The President Can’t Make War, Even Against Bad Men

The President does and should not have the power to unilaterally make war on foreign countries, and can only do so with the consent of the people given through their representatives in Congress.     

Yet, at 2 a.m. Caracas time on Saturday, U.S. forces struck Venezuela’s capital with at least seven explosions. Delta Force operators captured President Nicolás Maduro and his wife, extracting them from the country to face criminal charges in the United States. All of this happened with no congressional authorization, no declaration of war, and importantly, no public debate. Maduro’s removal is welcome, but the lawless precedent it sets is dangerously alarming.

Maduro is a narco-trafficking dictator who rigged an election and pushed 7.7 million Venezuelans into exile. He deserves prosecution. Donald Trump’s operation to capture him is nonetheless unconstitutional, dangerous, and precedent-setting in the worst possible way. 

Our Constitutional inheritance establishes a clear process to conduct war, ensuring that it is legitimate to the American people and that there are no abuses of power.  If we don’t reassert constitutional limits now, we’re allowing any president to wage war on any “narco-state” without congressional approval, as long as the operation is fast enough. That’s not a power Trump should have. Neither should his successors nor any of his predecessors. 

The strike was the culmination of a four-month military campaign, all conducted without congressional authorization. Since September, U.S. forces have destroyed more than thirty boats in the Caribbean and Pacific, killing at least 115 people. In December, the CIA conducted a drone strike on a Venezuelan port facility and Trump ordered a naval blockade of Venezuelan oil tankers. Then came Saturday’s assault on Caracas. 
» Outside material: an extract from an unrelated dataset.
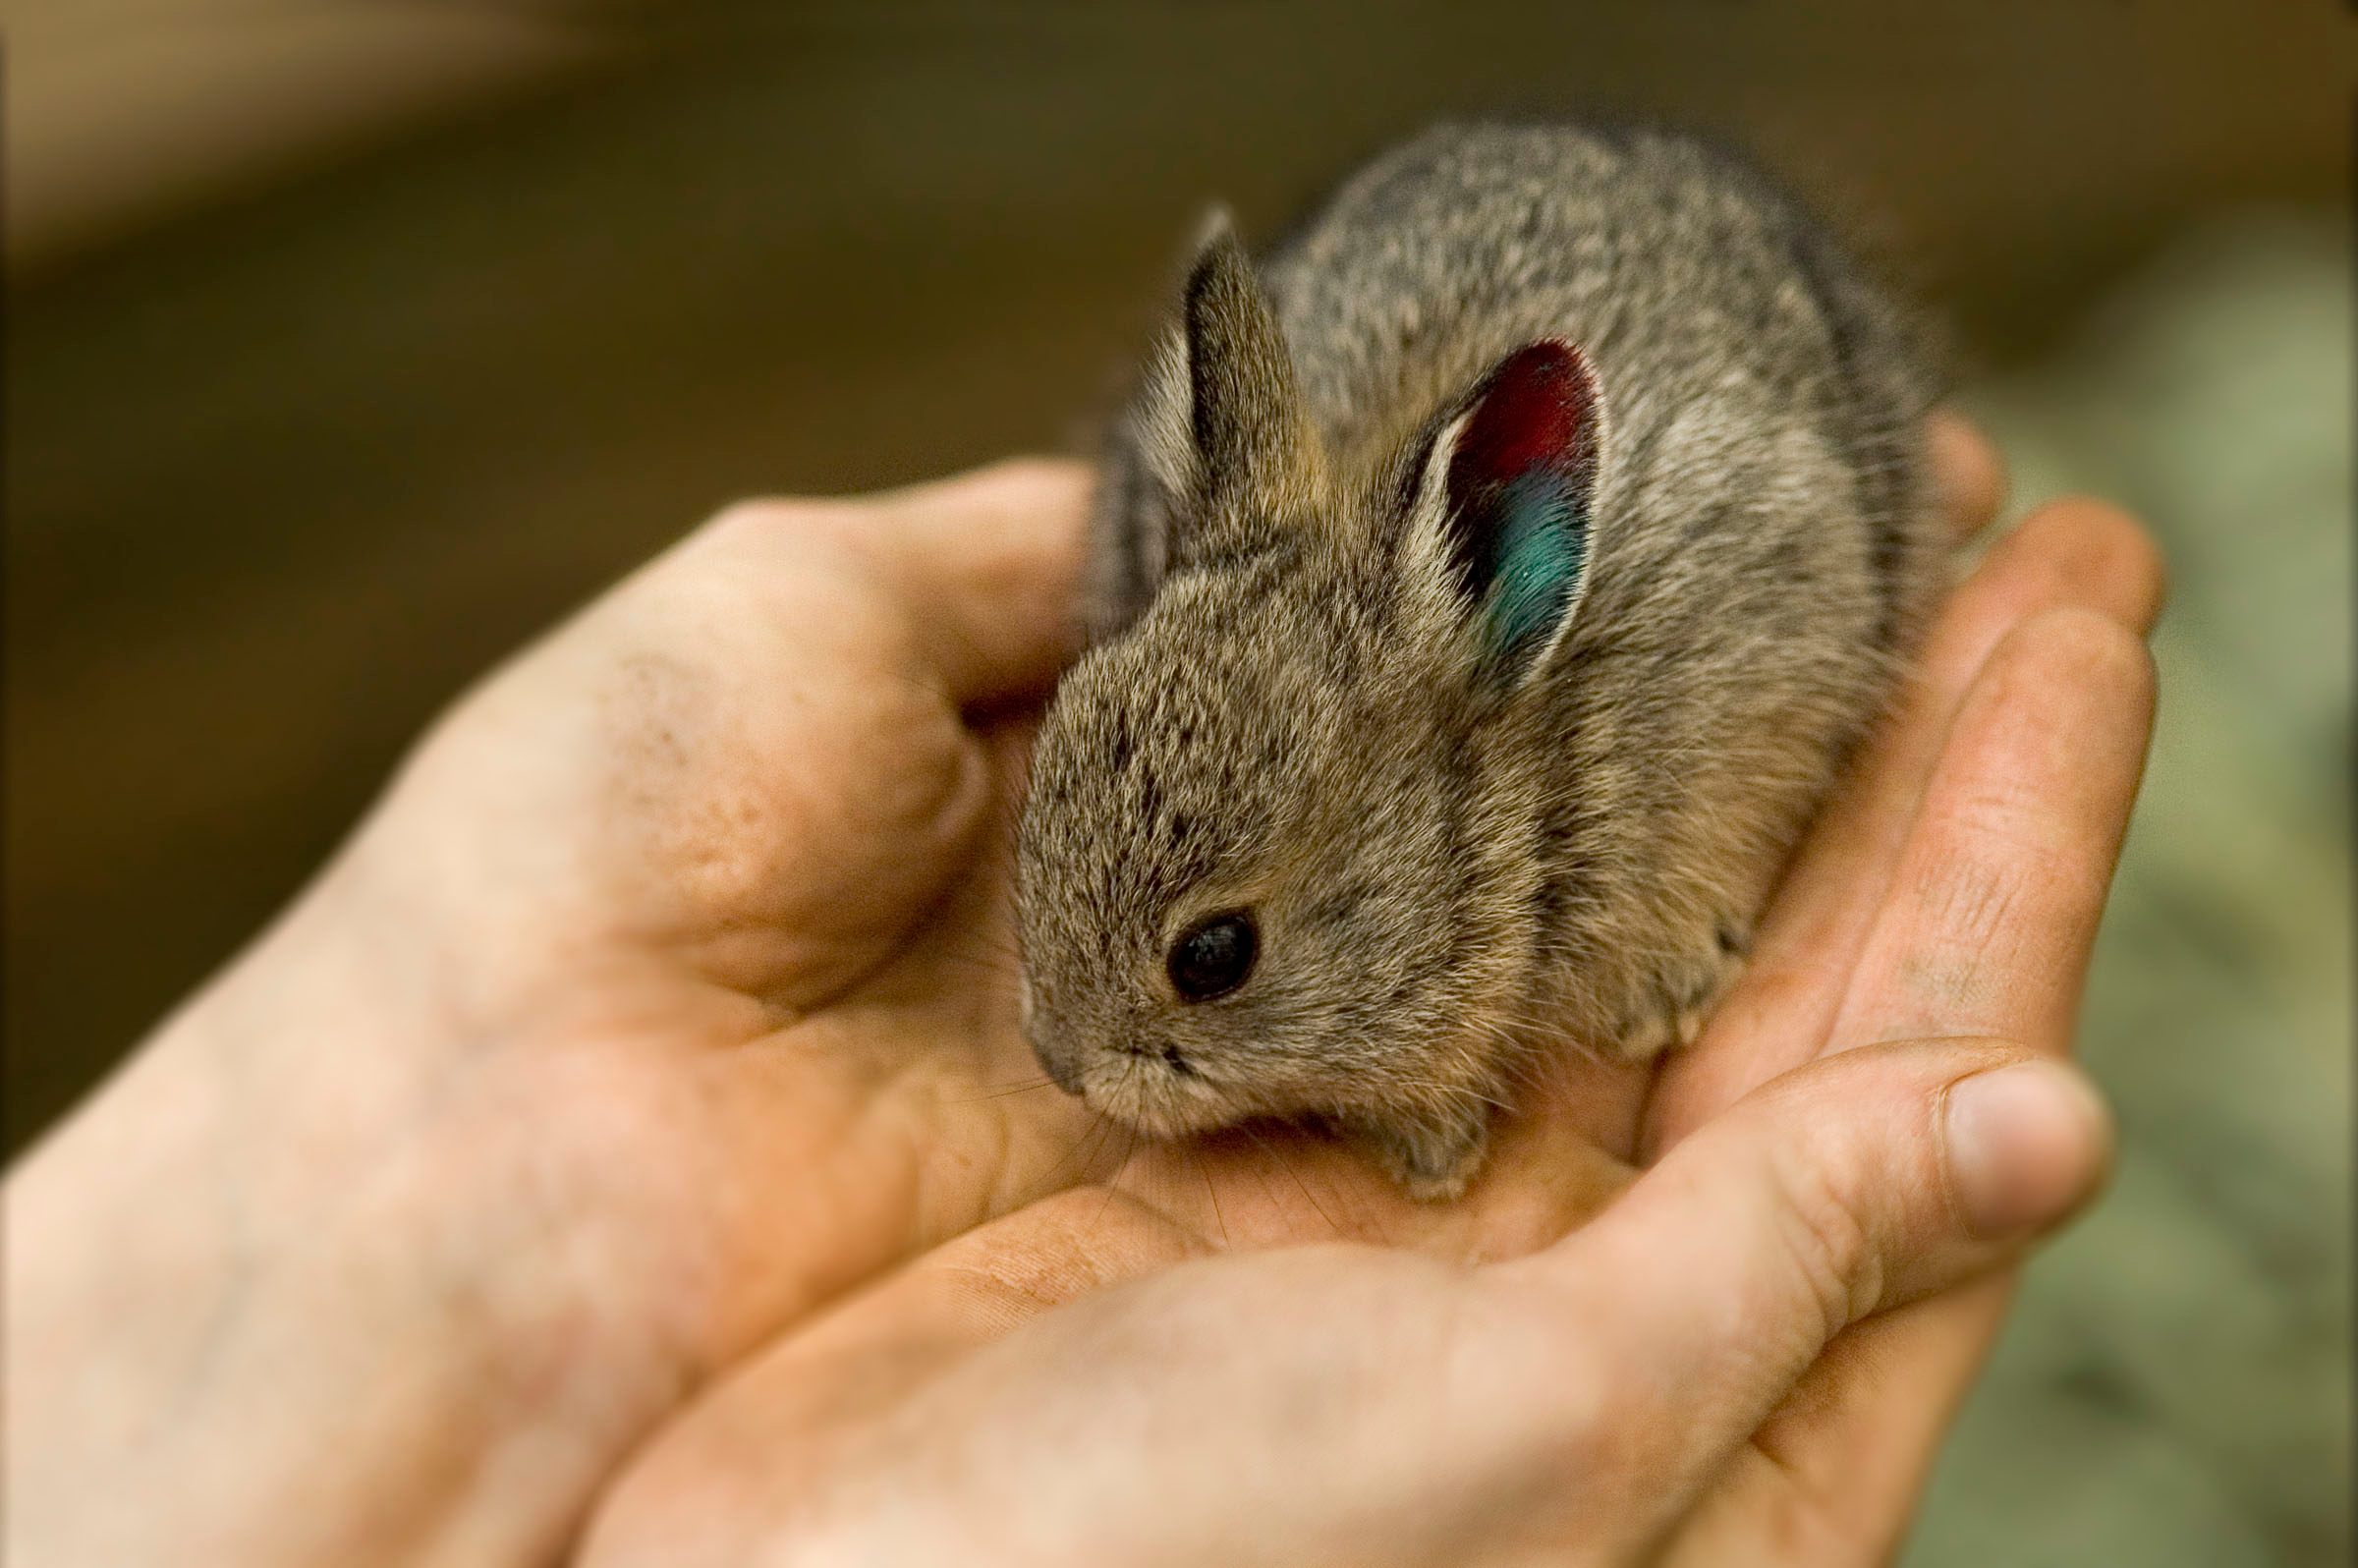 Большие и маленькие кролики. Айдахский кролик Пигмей. Айдахский кролик, кролик-Пигмей. Кролик-Пигмей самый маленький кролик в мире. Айдахский карликовый кролик.

These weren’t law enforcement operations, but acts of war. Lawmakers from both parties raised objections, which the administration has ignored. Their legal theory is that Saturday’s strikes executed an arrest warrant issued in 2020. But arrest warrants don’t authorize military strikes on foreign capitals, and certainly not on foreign civilians. The Marshals Service executes arrest warrants and the military wages war. Trump used the latter to accomplish the former. When the United States violates international norms against unilateral regime change, even against dictators, we lose moral authority to object when China or Russia claims to do the same. 

Maduro was terrible. He was indicted on narco-terrorism charges, international observers confirmed he rigged the 2024 election, and under him, Venezuela has become a humanitarian catastrophe. We should by no means mourn his removal. But we must question the means by which it happened. 

The Constitution doesn’t have an exception for bad guys. The war powers clause exists because the Founders knew presidents would always have reasons for war, sometimes even good ones. In writing Article II, the Founders explicitly changed the text to be defensive directly towards the American homeland, with foreign affairs being under the joint-stewardship of Congress. The Founders did not want to ‘“deny the President to respond to a surprise attack” nor “to give the President the general power to initiate hostilities.”  Congress’s involvement exists to make war decisions better, not just slower. 

Now, we as a country  must decide our commitment level to a decision Trump made without us: making the plan for Venezuela’s transition, preparing for a possible civil war or refugee crisis, and deciding our level of responsibility. 

These are not questions a president gets to answer alone. The American people, through our representatives, should be able to decide if a military intervention is worth the costs and risks before it’s over. Congress must act immediately. Both parties have raised objections to Trump’s boat strikes and Venezuelan operations. It’s time to move to action. We need to hold hearings, demand legal justification, and pass new restrictions on unilateral military force. 

Having intervened, we now have a moral responsibility for Venezuela’s transition. Maduro’s removal creates the opportunity for Venezuelan democracy, but only if we support the people and leaders of the country, not our own military occupation. 

Broader principles matter more than the situation in Venezuela. Constitutional processes aren’t obstacles to good policy; they’re what make good policy legitimate. Trump may have removed a dictator, but he’s established a leader in the United States that can unilaterally wage war whenever it can be framed as law enforcement. If we are to defend liberty at all ends of the earth we must start with a liberty-based defense of it, by following our constitution’s clear rules.

Nicolás Maduro’s capture will likely be celebrated in Caracas and condemned in Moscow as well as Beijing. Americans should be glad he’s gone and alarmed how it happened. Good ends achieved through lawless means aren’t victories, they’re dangerous precedents. If we accept that presidents can bomb foreign capitals to execute arrest warrants, we’ve conceded that the war power, the most significant check on executive authority, means nothing. The next president will remember this precedent. So will our adversaries. We should be glad Maduro is gone. We must insist this was wrong.